5.4.6 Paste in this code:

"""
title: Researcher Agent Pipe V2
author: yihongwang@gmail.com
date: 08-01-2025
version: 0.2
license: MIT
description: Enable the GPT Researcher using Granite models via Ollama by default.
             Modify valve settings if you use different models/API.
             Be sure to update the `OLLAMA_BASE_URL` to point to your Ollama server.
requirements: gpt-researcher, langchain_ollama, duckduckgo-search
"""

from pydantic import BaseModel, Field
import asyncio
import json
import os
import sys
from gpt_researcher import GPTResearcher


class Pipe:
    class Valves(BaseModel):
        FAST_LLM: str = Field(default="ollama:granite3.3:2b")
        SMART_LLM: str = Field(default="ollama:granite3.3:2b")
        STRATEGIC_LLM: str = Field(default="ollama:granite3.3:2b")
        EMBEDDING: str = Field(default="ollama:granite-embedding:278m")
        OLLAMA_BASE_URL: str = Field(default="http://localhost:11434")
        OPENAI_API_KEY: str = Field(default="ollama")

    def __init__(self):
        self.valves = self.Valves()

    async def pipe(self, body: dict):
        print(body["messages"][-1]["content"])
        os.environ["FAST_LLM"] = self.valves.FAST_LLM
        os.environ["SMART_LLM"] = self.valves.SMART_LLM
        os.environ["STRATEGIC_LLM"] = self.valves.STRATEGIC_LLM
        os.environ["EMBEDDING"] = self.valves.EMBEDDING
        os.environ["OPENAI_API_KEY"] = self.valves.OPENAI_API_KEY
        os.environ["OLLAMA_BASE_URL"] = self.valves.OLLAMA_BASE_URL
        os.environ["RETRIEVER"] = "duckduckgo"
        os.environ["LLM_KWARGS"] = json.dumps({"num_ctx": 1024 * 128})
        os.environ["MAX_ITERATIONS"] = "1"
        os.environ["MAX_SUBTOPICS"] = "1"
        os.environ["DEEP_RESEARCH_BREADTH"] = "1"
        os.environ["DEEP_RESEARCH_DEPTH"] = "1"
        os.environ["DEEP_RESEARCH_CONCURRENCY"] = "1"
        os.environ["REASONING_EFFORT"] = "low"
        os.environ["FAST_TOKEN_LIMIT"] = "1000"
        os.environ["SMART_TOKEN_LIMIT"] = "1000"
        os.environ["STRATEGIC_TOKEN_LIMIT"] = "1000"
        os.environ["BROWSE_CHUNK_MAX_LENGTH"] = "1024"
        os.environ["MAX_SEARCH_RESULTS_PER_QUERY"] = "1024"
        os.environ["TOTAL_WORDS"] = "300"
        researcher = GPTResearcher(
            query=body["messages"][-1]["content"],
            report_type="research_report",
        )
        research_result = await researcher.conduct_research()
        report = await researcher.write_report()

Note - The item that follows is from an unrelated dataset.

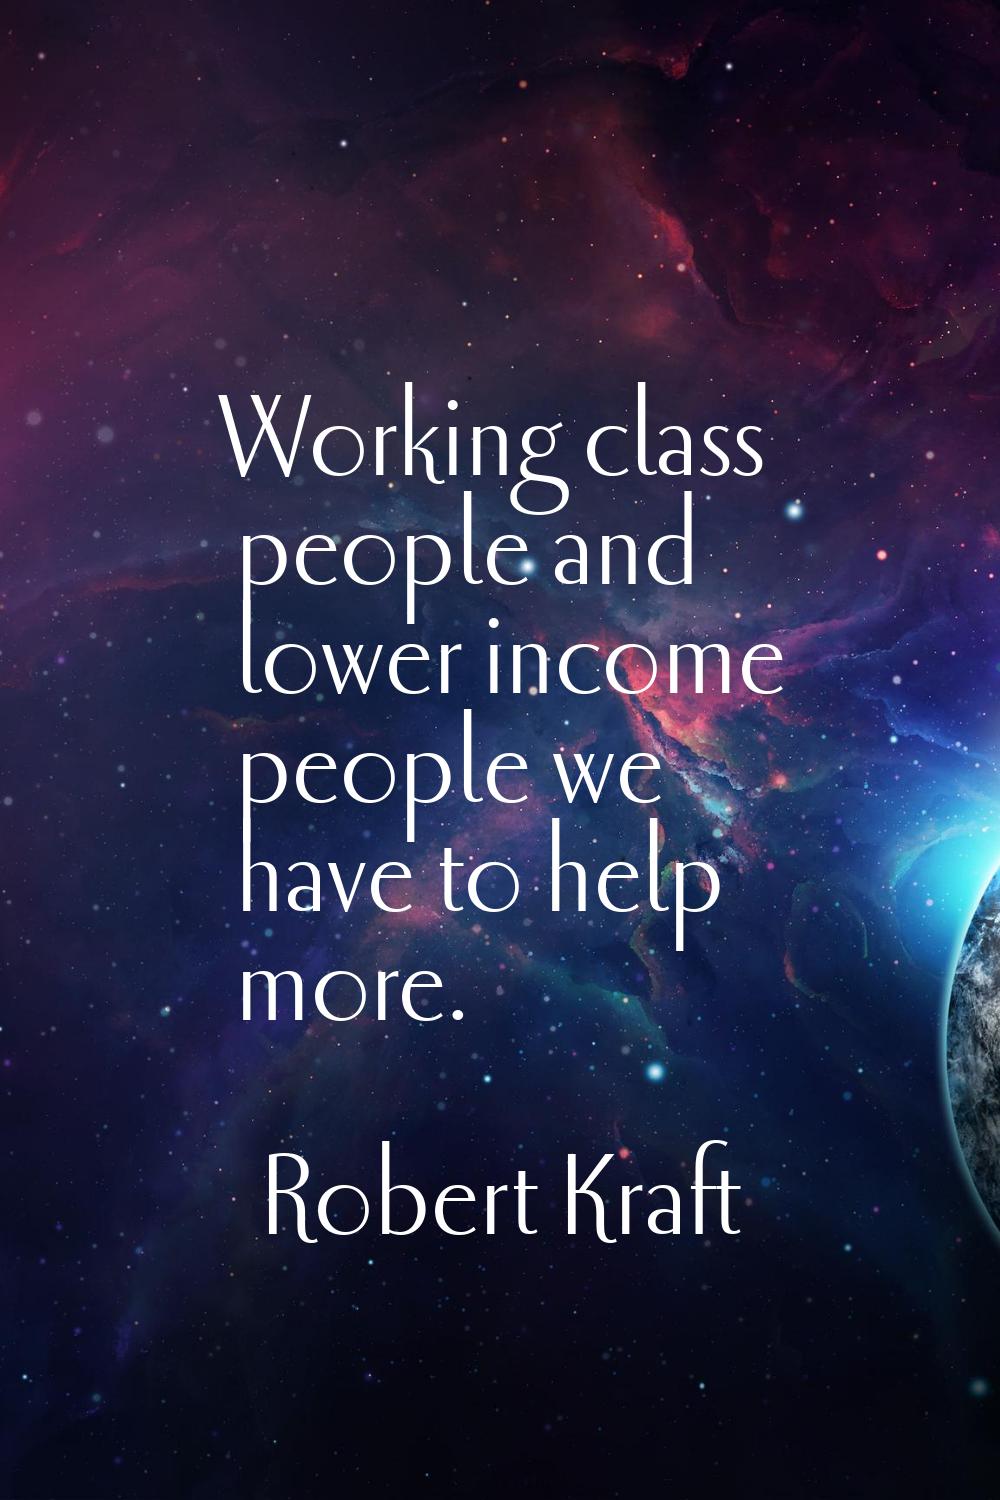 Working class people and lower income people we have to help more.

        # Get additional information
        research_context = researcher.get_research_context()
        research_costs = researcher.get_costs()
        research_images = researcher.get_research_images()
        research_sources = researcher.get_research_sources()
        print("Report:")
        print(report)
        print("\nResearch context:")
        print(research_context)
        print("\nResearch Costs:")
        print(research_costs)
        print("\nNumber of Research Images:")
        print(len(research_images))
        print("\nNumber of Research Sources:")
        print(len(research_sources))
        return report

Note

Note: We've reduced many of the GPT Researcher environment settings to much smaller than default so that the lab will run faster, ideally under 5 minutes. Feel free to change the GPT Researcher environmental later for longer-running but deeper researched answers. More info on the GPT Researcher settings can be found at: GPT Researcher

5.5 On the right you'll see a toggle switch - you'll want to make your new function green (Enabled.

5.6 In the Open-WebUI, switch to use your "Searcher" function rather than one of the Ollama models.

5.7 Ask your question, for example:

Tell me the weather today in San Jose California

or

What is the last result of the San Franicisco Giants game?

After about 2-5 minutes, it should have scraped the result from the web and presented it in the Open-WebUI.